Error handling and edge cases are predictable. A #SPILL means content blocks the output area; clear cells or remove merges. A #CALC! “empty array” typically arises when TAKE or DROP’s arguments zero out the result; reconsider the N or add a guard like IF(ROWS(Data)=0, “”, TAKE(…)). For very large arrays, #NUM signals that the requested spill exceeds sheet limits; reduce scope with FILTER or operate on table columns instead of whole columns. Microsoft’s TAKE page explicitly calls out #CALC! for zero arguments and #NUM for excessive outputs; common guides for DROP add that extreme trims can produce empty arrays and that some formatting, like dates, may render as serials depending on how the result is used.
Compared with legacy techniques, the benefits are tangible. OFFSET is volatile and can slow models, while nested INDEX/COUNTA requires mental gymnastics that hide intent. TAKE and DROP express a simple idea directly: “give me the first N”, “give me the last N”, or “skip the first/last N”. In dashboards, that clarity matters because one well‑named formula cell becomes the contract for a module. In exports, it prevents off‑by‑one errors that creep in with manual trimming. In analysis, it speeds iteration by making reshaping operations obvious and single‑purpose.

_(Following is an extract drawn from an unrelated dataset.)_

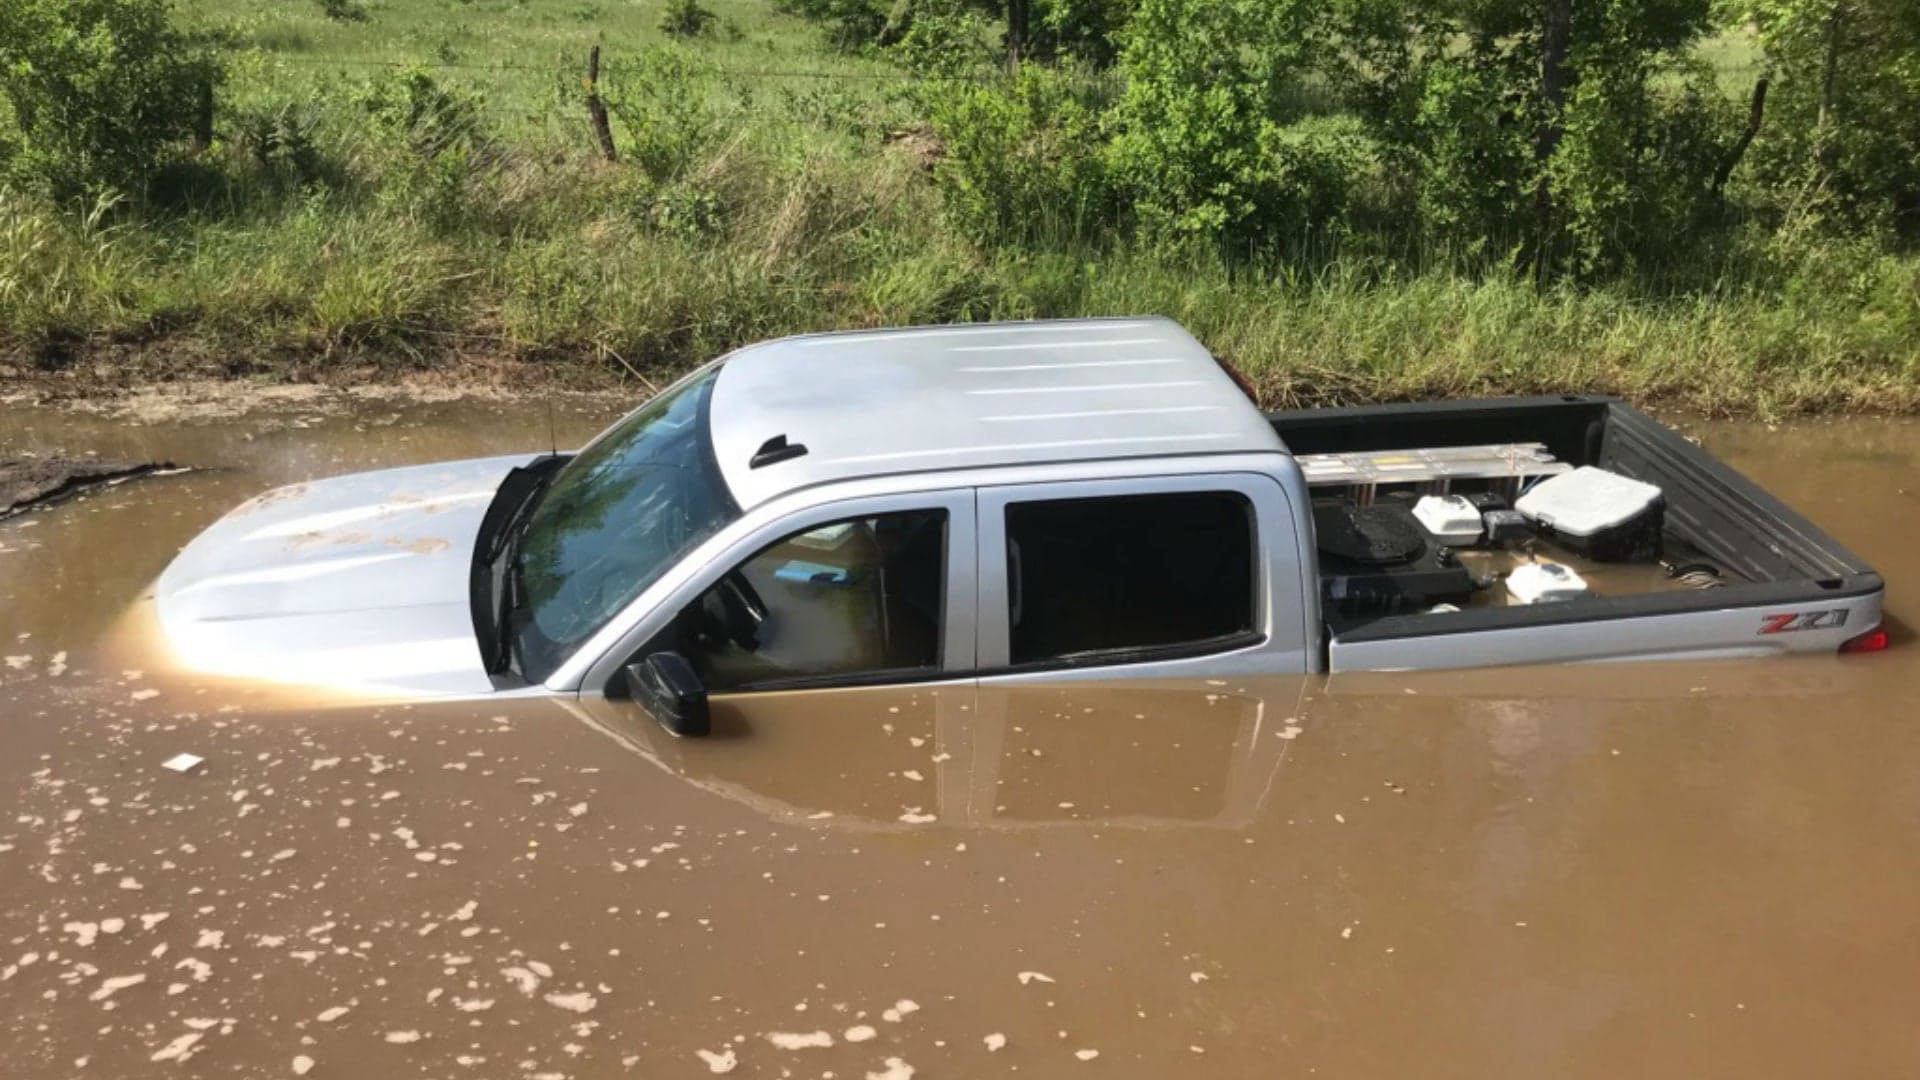 Defiant Chevrolet Silverado Pickup Truck Driver Learns ‘Turn Around Don’t Drown’ Lesson the Hard Way

A practical recipe to adopt is this: filter or sort first, then TAKE or DROP to size, then optionally choose columns and present. For example, =TAKE(SORTBY(FILTER(Data, Data[Region]=H2), Data[Revenue], -1), 10) yields the top ten rows for a selected region; =DROP(Data, 1) removes the header row before a VSTACK consolidation; =TAKE(Data, , 4) creates a compact view of just the first four columns for a side panel. Each of these reads like a sentence, and because they’re dynamic arrays, the outputs stay synchronized with source changes.
Once these become second nature, you will find fewer reasons to reach for helper sheets or Power Query for simple slices. Reserve heavier tools for merges and complex transforms, and keep TAKE and DROP in your day‑to‑day toolbox for fast, reliable shaping. With Microsoft 365’s continued investment in dynamic arrays, these functions sit at the heart of modern, maintainable Excel models that calculate quickly, explain themselves, and scale with your data.